WILLIAM T. WILEY
Ochi Gallery is pleased to present Five Decades of William T. Wiley at 119 Lewis Street. The show will run June 20 – January 3, 2012 with an artist reception and concert August 6, 2011.
Five Decades of William T. Wiley is a compilation of works in response to What’s It All Mean: William T. Wiley in Retrospect, originated by the Smithsonian American Art Museum in 2009-10.
The world filtered through the eyes of William Wiley is full of puns, jokes, enigmatic texts, warnings of doom, questions, and cartoons. Wiley witnesses our shared cultural condition through his personal vision, creating a unique iconography that is candid, humorous, and intelligent. In this overarching look at his work, the show focuses his long integration of text and image in various materials. Although Wiley’s work evades categorization, his characters (“companions”), combined with his ability to work in many mediums while maintaining his sense of humor are marked Wiley traits.

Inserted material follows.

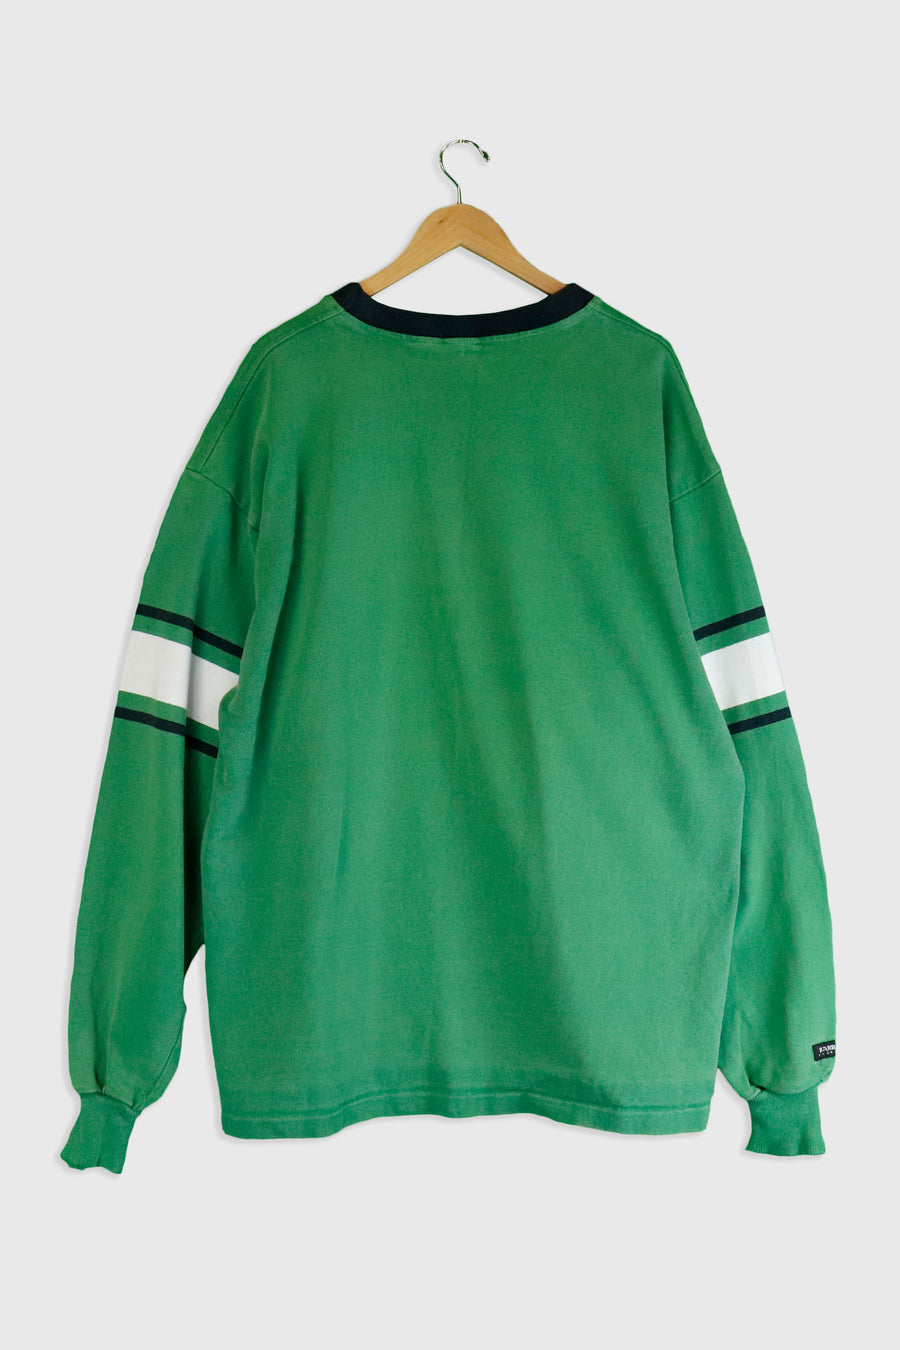 Vintage CFL Saskatchewan Roughriders Embroidered Sweatshirt Sz 2XL

Spanning several decades, Wiley’s body of work explores the zeitgeist of times past and present while operating critically on multiple levels. Columbus Rerouted, 1961 records Wiley’s personal experience of having to change his route to school as a student at the San Francisco Art Institute. The piece also begs the question of what would have happened if Christopher Columbus had detoured back in 1491. Mickey and Walt at the Vault, 2000 references the allegation that Walt Disney had his body cryogenically frozen, but also seems to allude that creativity can be a form of immortality.
A prismatic look back at Wiley’s work over the past fifty years is a look back at the world over this period. While faceted with Wiley’s idiosyncratic responses and personal jokes, it is a starkly honest, uniquely sincere portrayal of the global and moral climate.